» Problem:
Transcribe every line from the one containing "Caucasian smiling senior" to the end of the listing, exactly as written, and leave out the pictures.

» Provided material:
==========
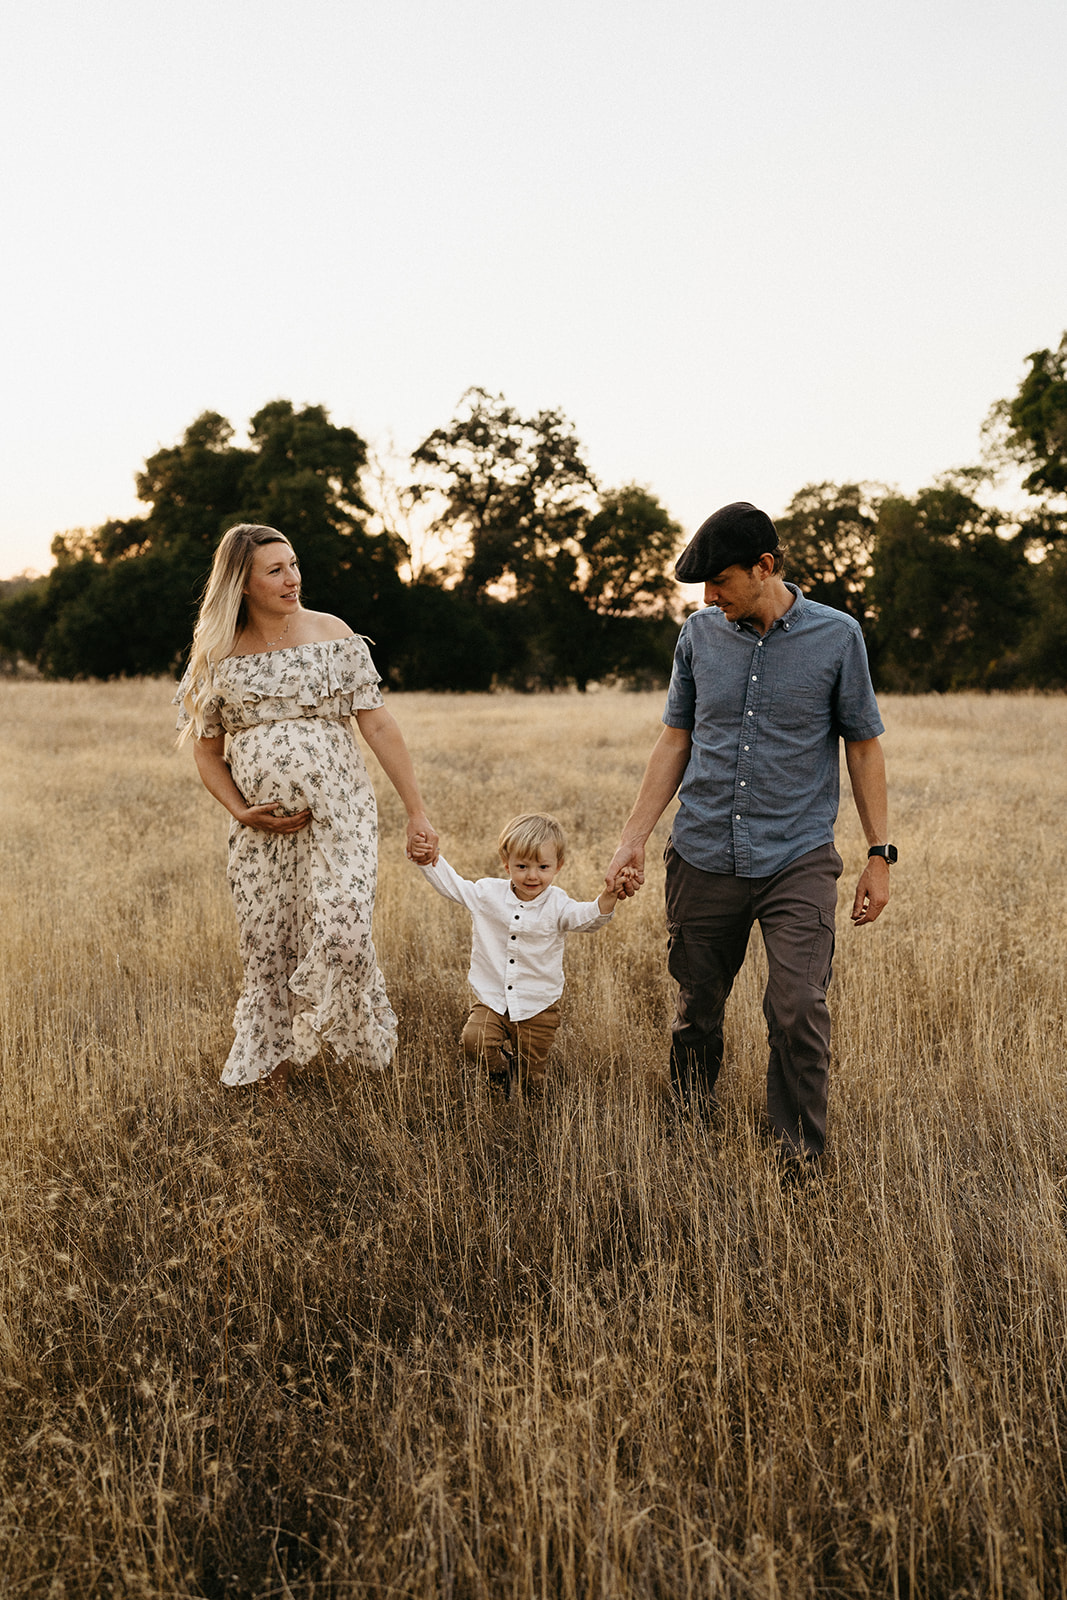 A family of three - soon to be four - walking in a field during golden hour.
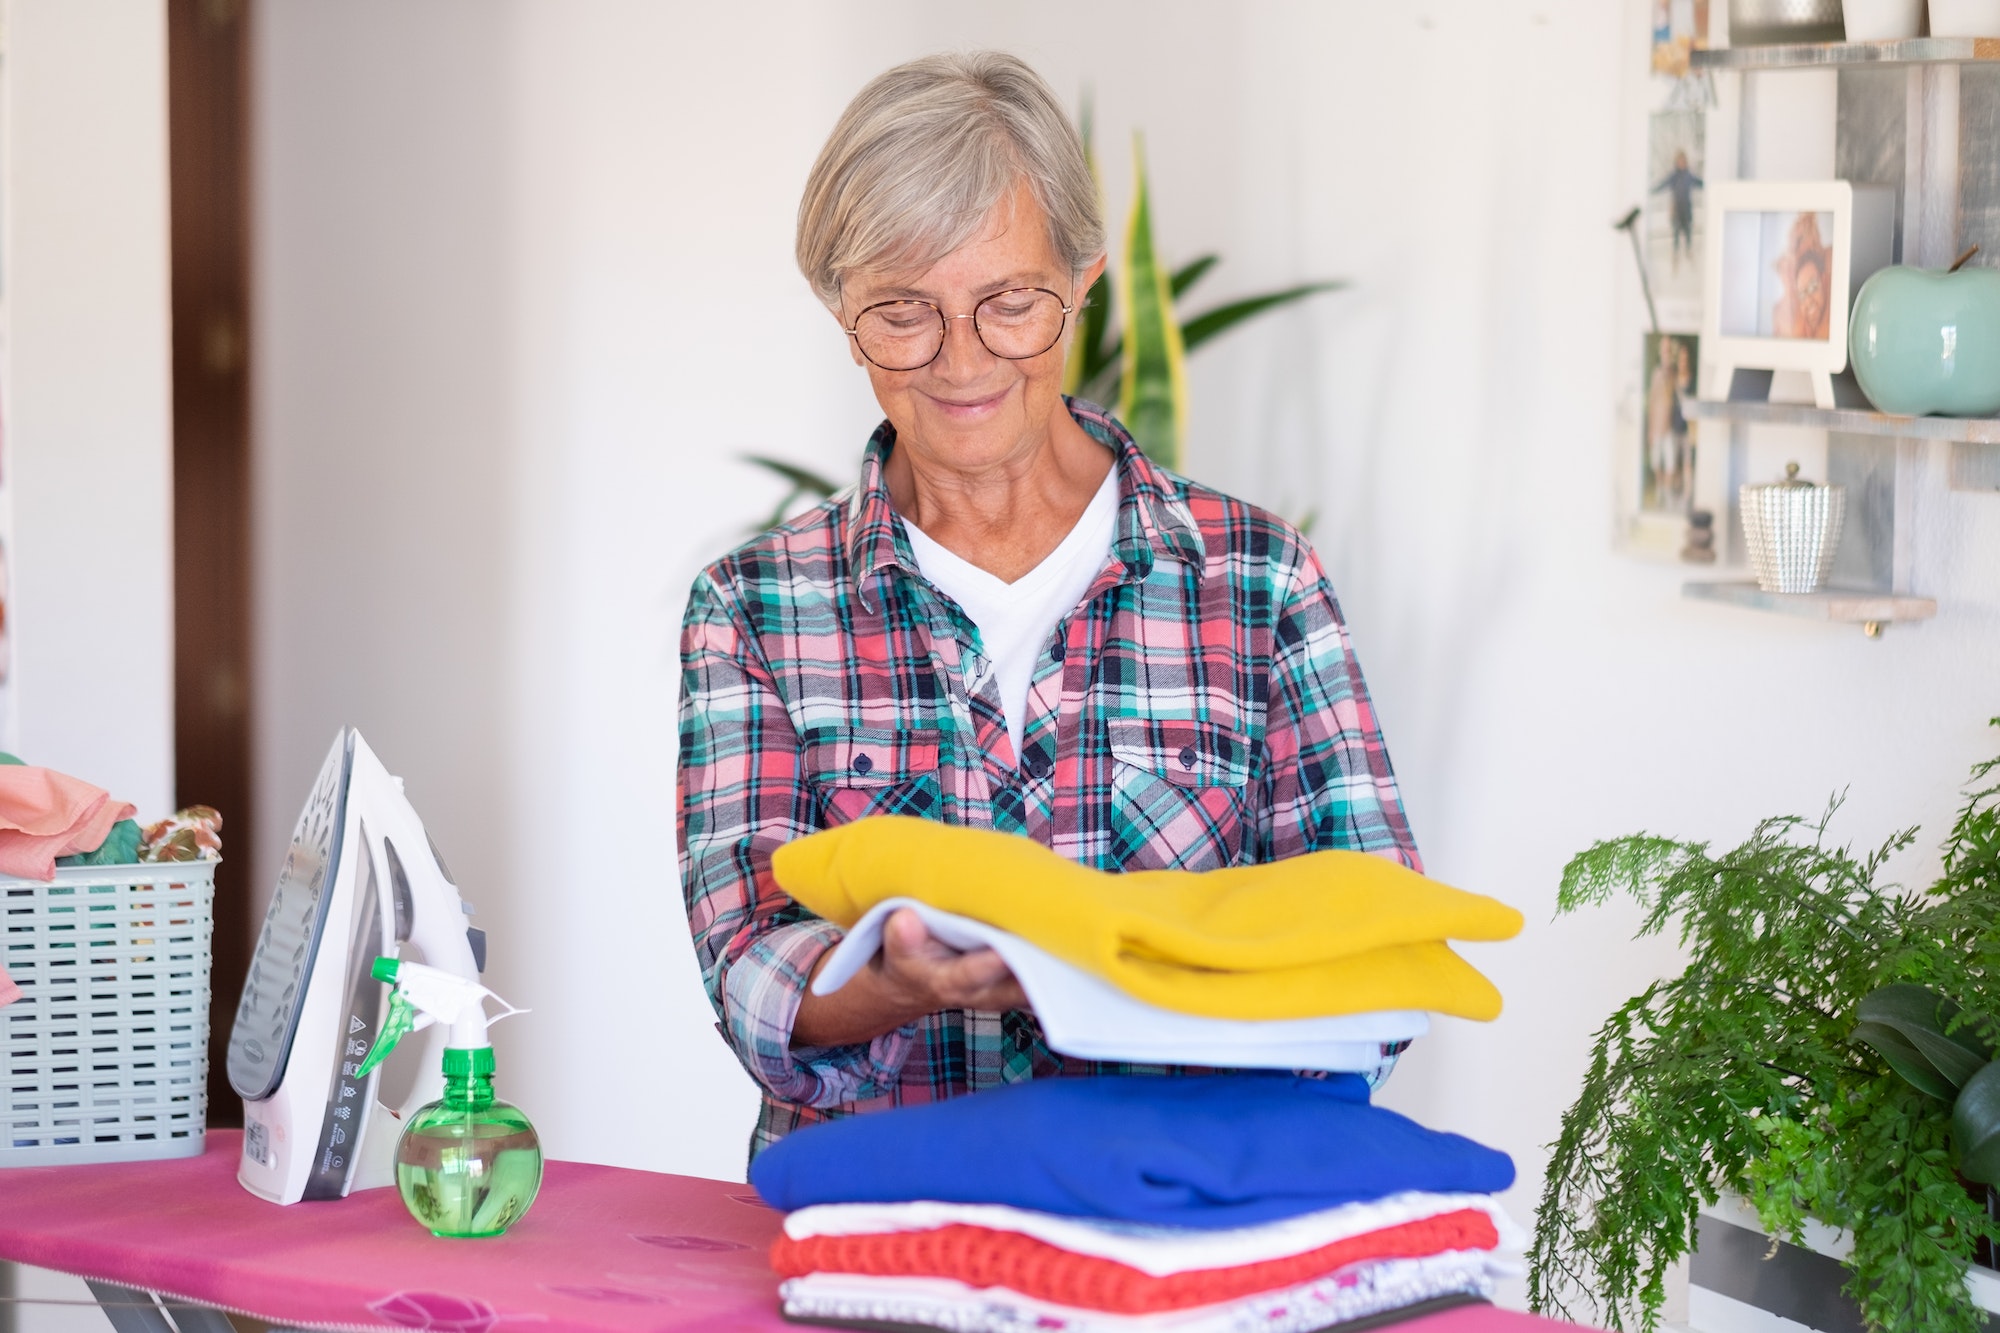 Caucasian smiling senior woman ironing clothes at home on ironing board
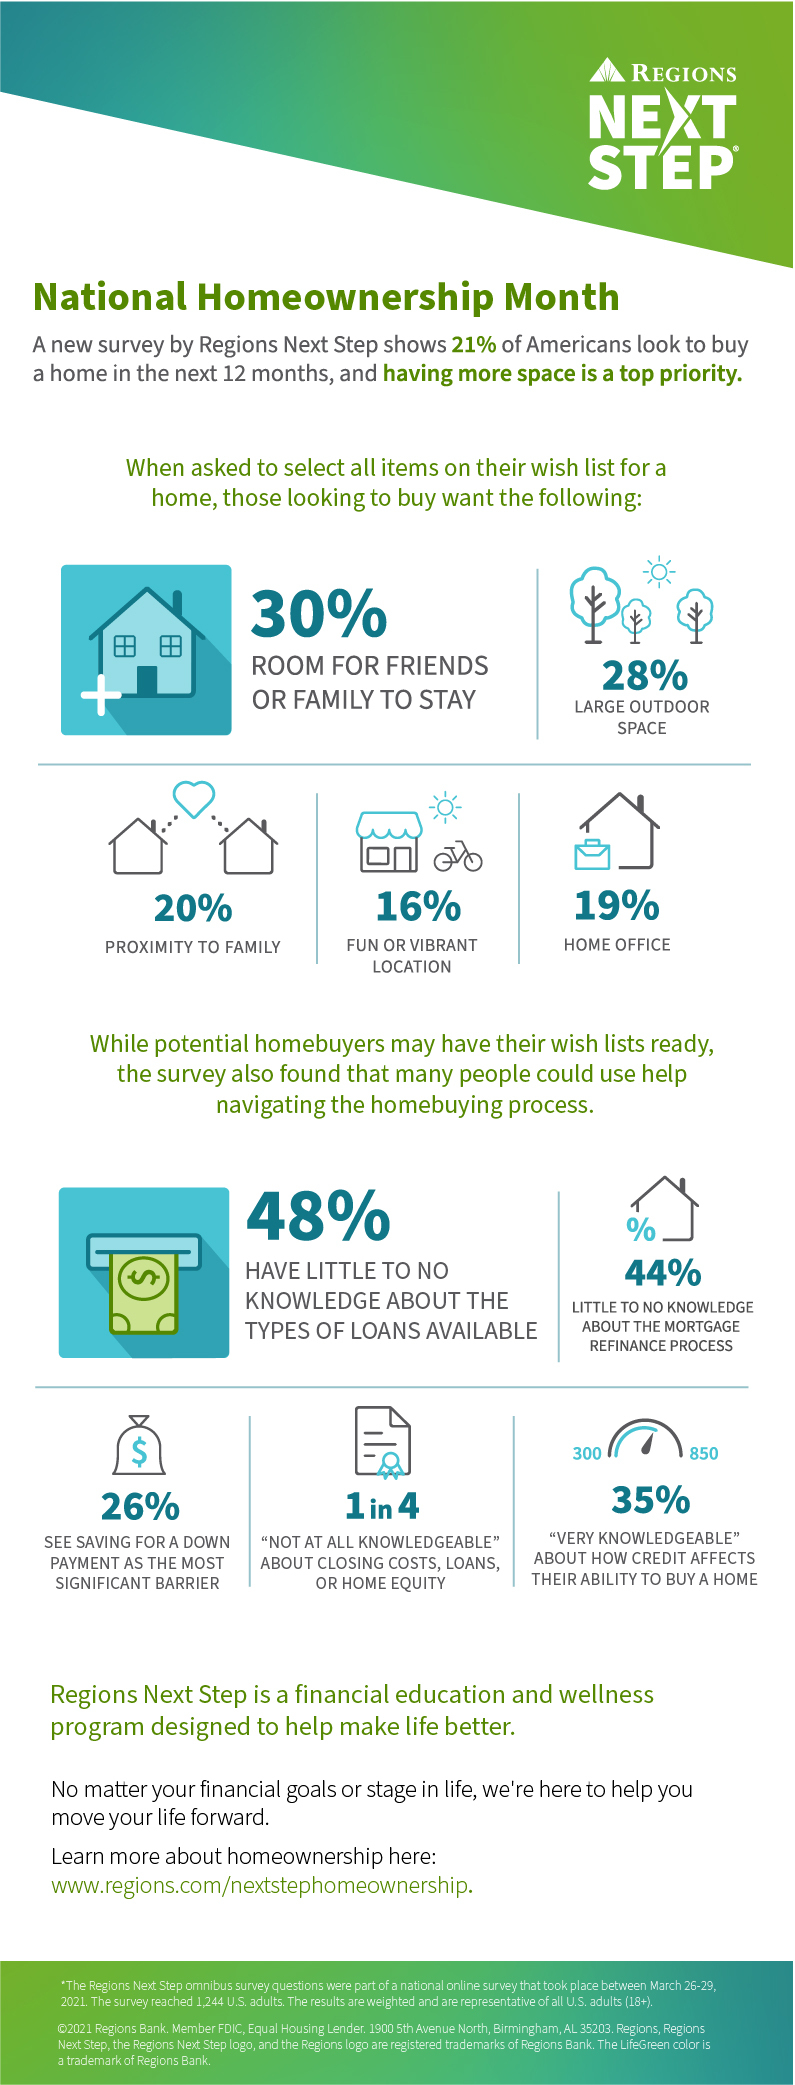 national homeownership month infographic
==========
» Result of this task:
 Caucasian smiling senior woman ironing clothes at home on ironing board
 national homeownership month infographic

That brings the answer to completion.